CSS partition layout help required

Here is my basic website design:

Within content there are 3 main partitions. (logo, slogan, sites) And my Sites Partition requires 3 sub partitions (site1, site2, site3)
My current problem is that I don’t know how to put sites next to the Slogan Partition.

Here is my slogan partition code:

.slogan
{
	margin-top: 150px;
	padding: 0 0 100px;
}

Not sure the code required for me to place the Sites Partition next to the Slogan Partition.

The basic approach is to create a div for each, give each a width, and float them. You can either set each to float: left, or perhaps float one left and the other right.

With using the “float” command I can now place Slogan and Sites Partition beside each other. (float: left; for Slogan Partition, and float: right; for Sites Partition.)
Problem: Content Partition (which includes: logo, slogan, sites) does not include Slogan and Sites Partition.

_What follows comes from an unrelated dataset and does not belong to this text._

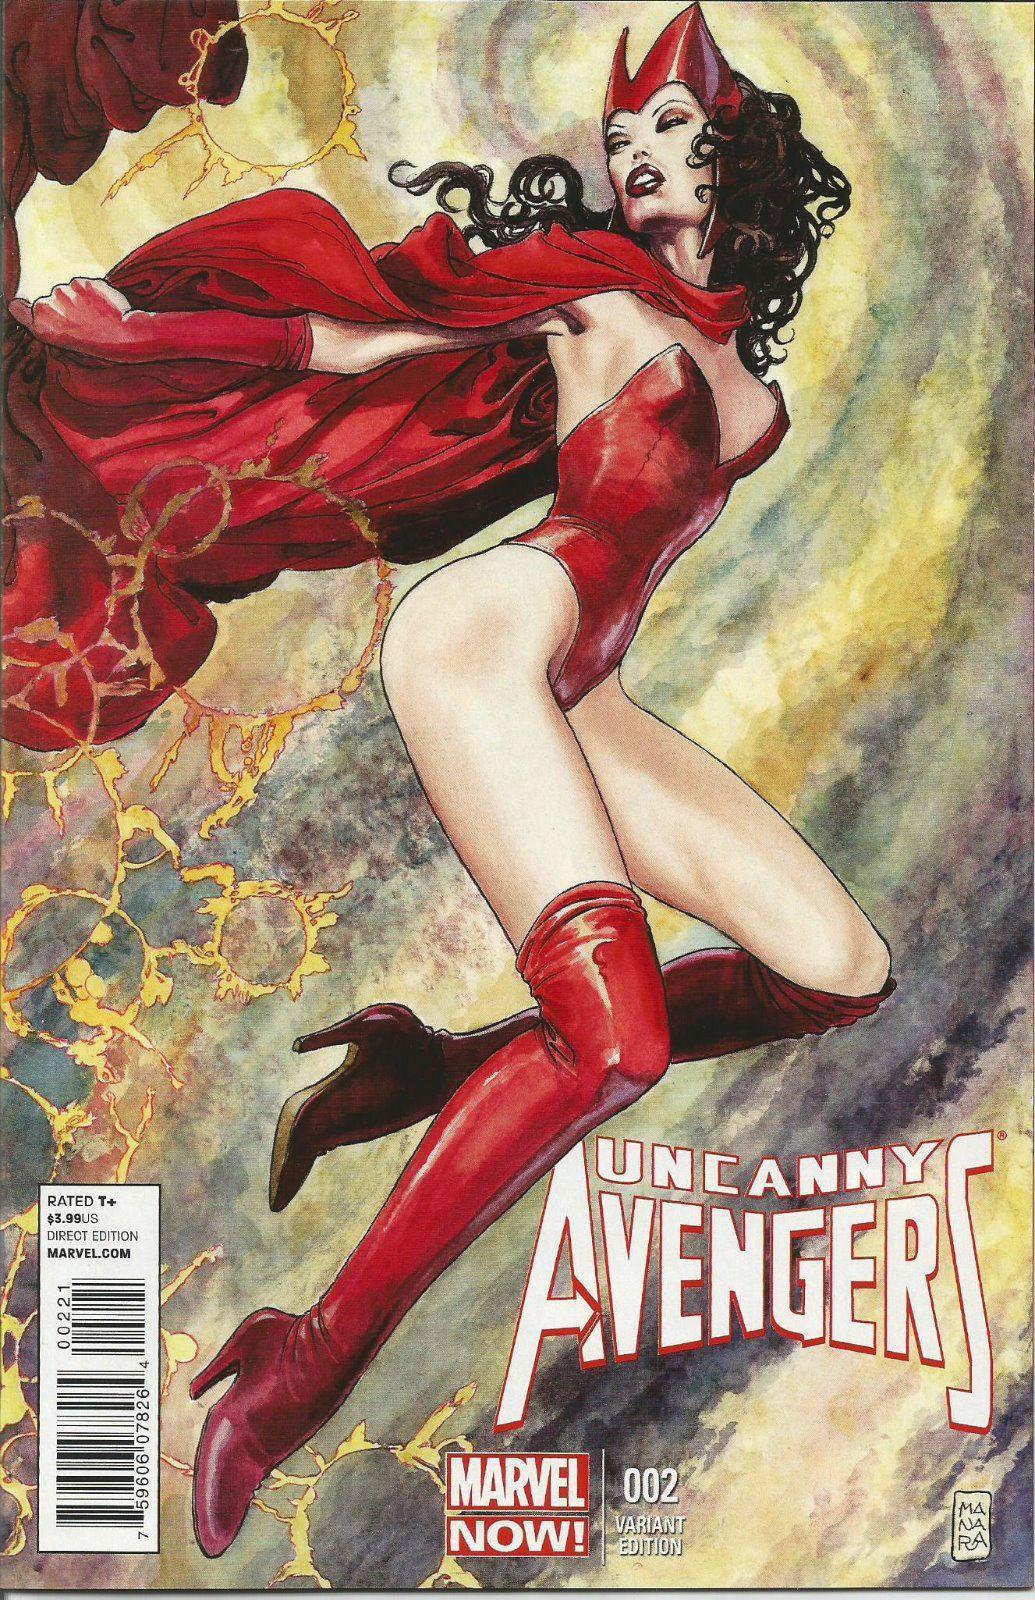 comix=_avengersmilo-manara-marvel-comic-covers_1951.JPG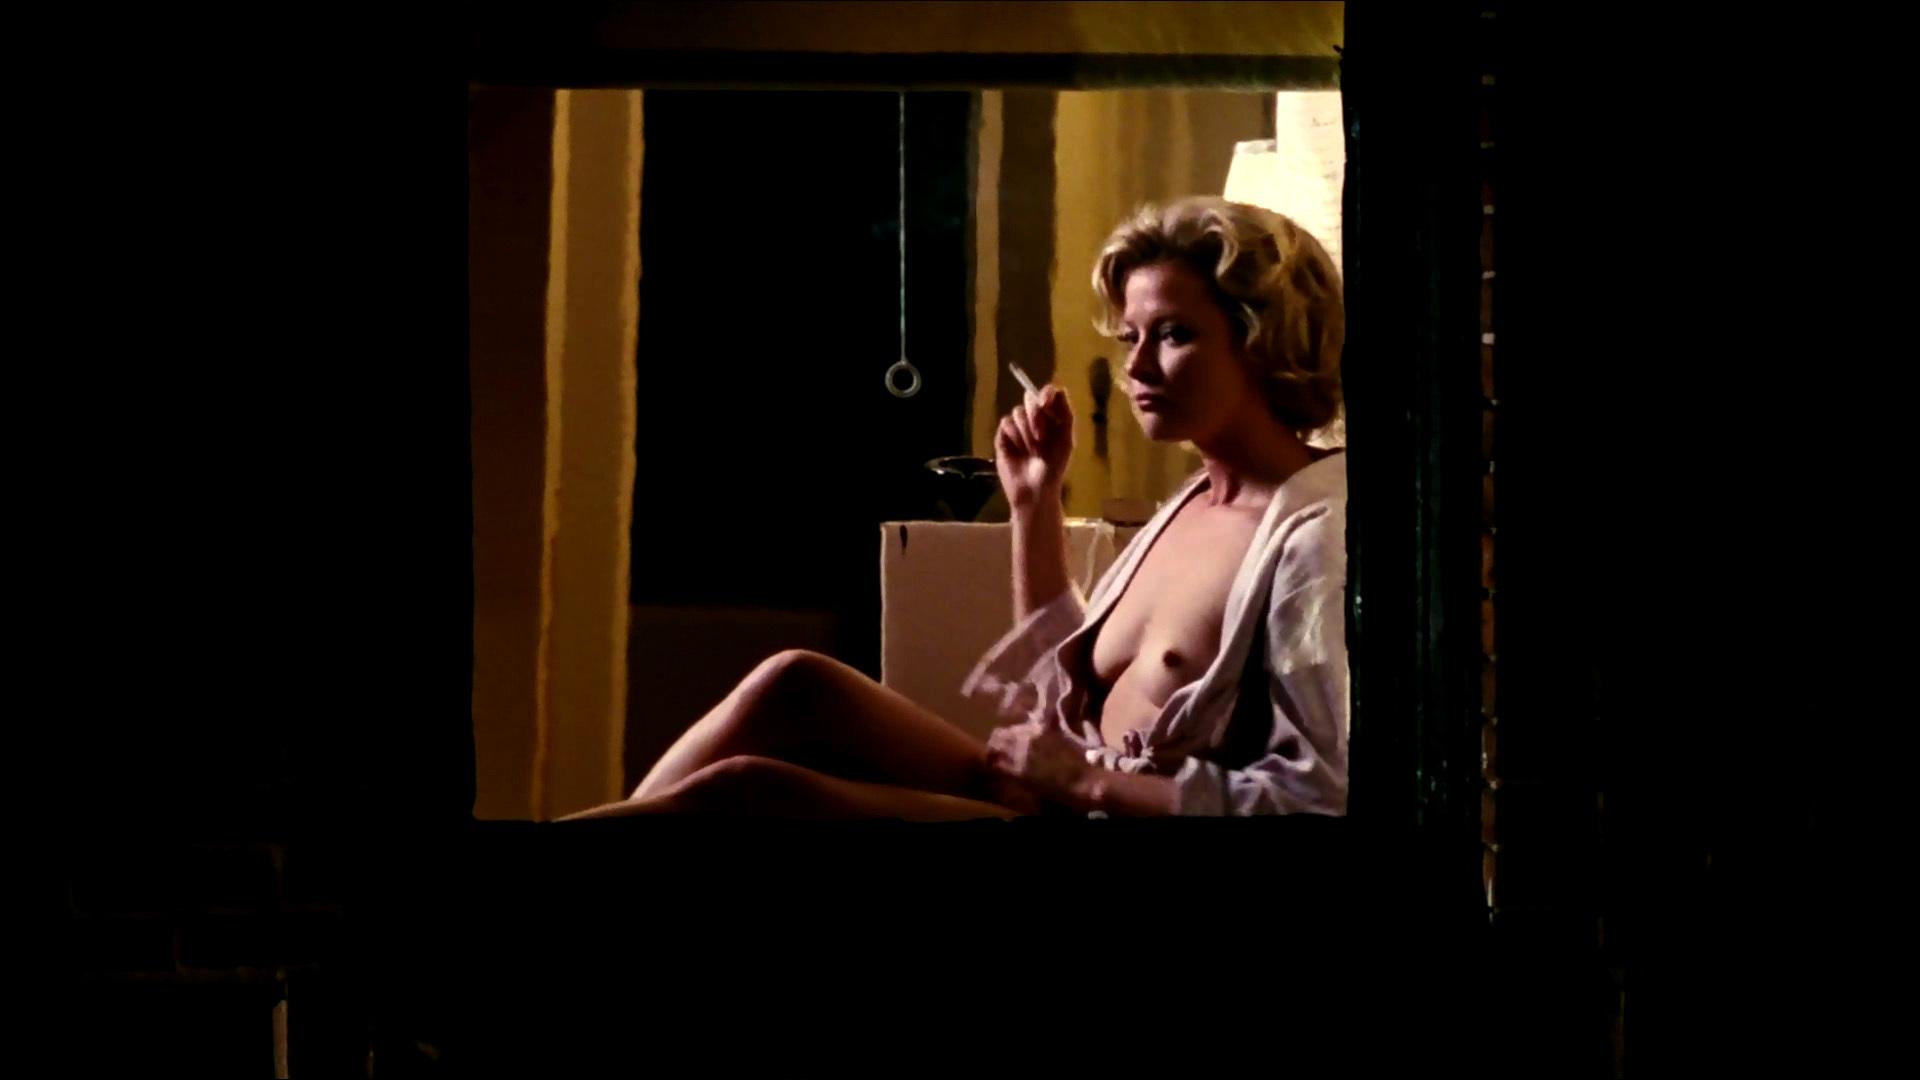 Gretchen Mol - An American Affair HD 1080p 03.jpg

I’m not sure why Content Partition is not including all 3 partitions… What is the error here?

If the Content partition is a static block (a regular, non-positioned block element like a div), and it has floated children inside it (it does now, you’ve floated them), then Content can’t see that it has children anymore. It thinks it’s empty, and so does not enclose it’s children anymore.

This is normal, and what happens with floated children inside static boxes.

There are lots and lots of solutions to this. I’ll give you the two I think would be safest for you, then maybe I’ll list some more so you know all later possibilities.

The Quick Dirty Easy way is to set the Content partition to “overflow: hidden”. By default, a static parent box is set to overflow: visible, and so long as its children aren’t floated or anything weird, the rules say that parent must “see” its children and enclose them.

When you tell the box “overflow: something-other-than-visible” (there is also “scroll” and “auto” values, but these will probably look ugly to you), now the parent box MUST consider if anyone is “overflowing” outside of it. Since we set it to hidden (or whatever), it must now be able to “see” those floated children; otherwise, how could it deal with overflow?

Because the parent can now “see” those floated children, it will enclose them like it should. Throw an ugly background colour or outline around Content/Parent and you’ll see it.

Overflow: hidden however does… hide overflow. If you have set dimensions on the Content/Parent like height or width, and any child inside needs to be bigger, then you’ll see them get cut off. Usually setting a width is ok because you’ve also set widths on your floated children and you calculated it all out and everyone inside carefully fits inside the parent, so no overflow. But if you have set a height on the parent, remove it. Let the children inside determine the height automatically. So now no cutoff.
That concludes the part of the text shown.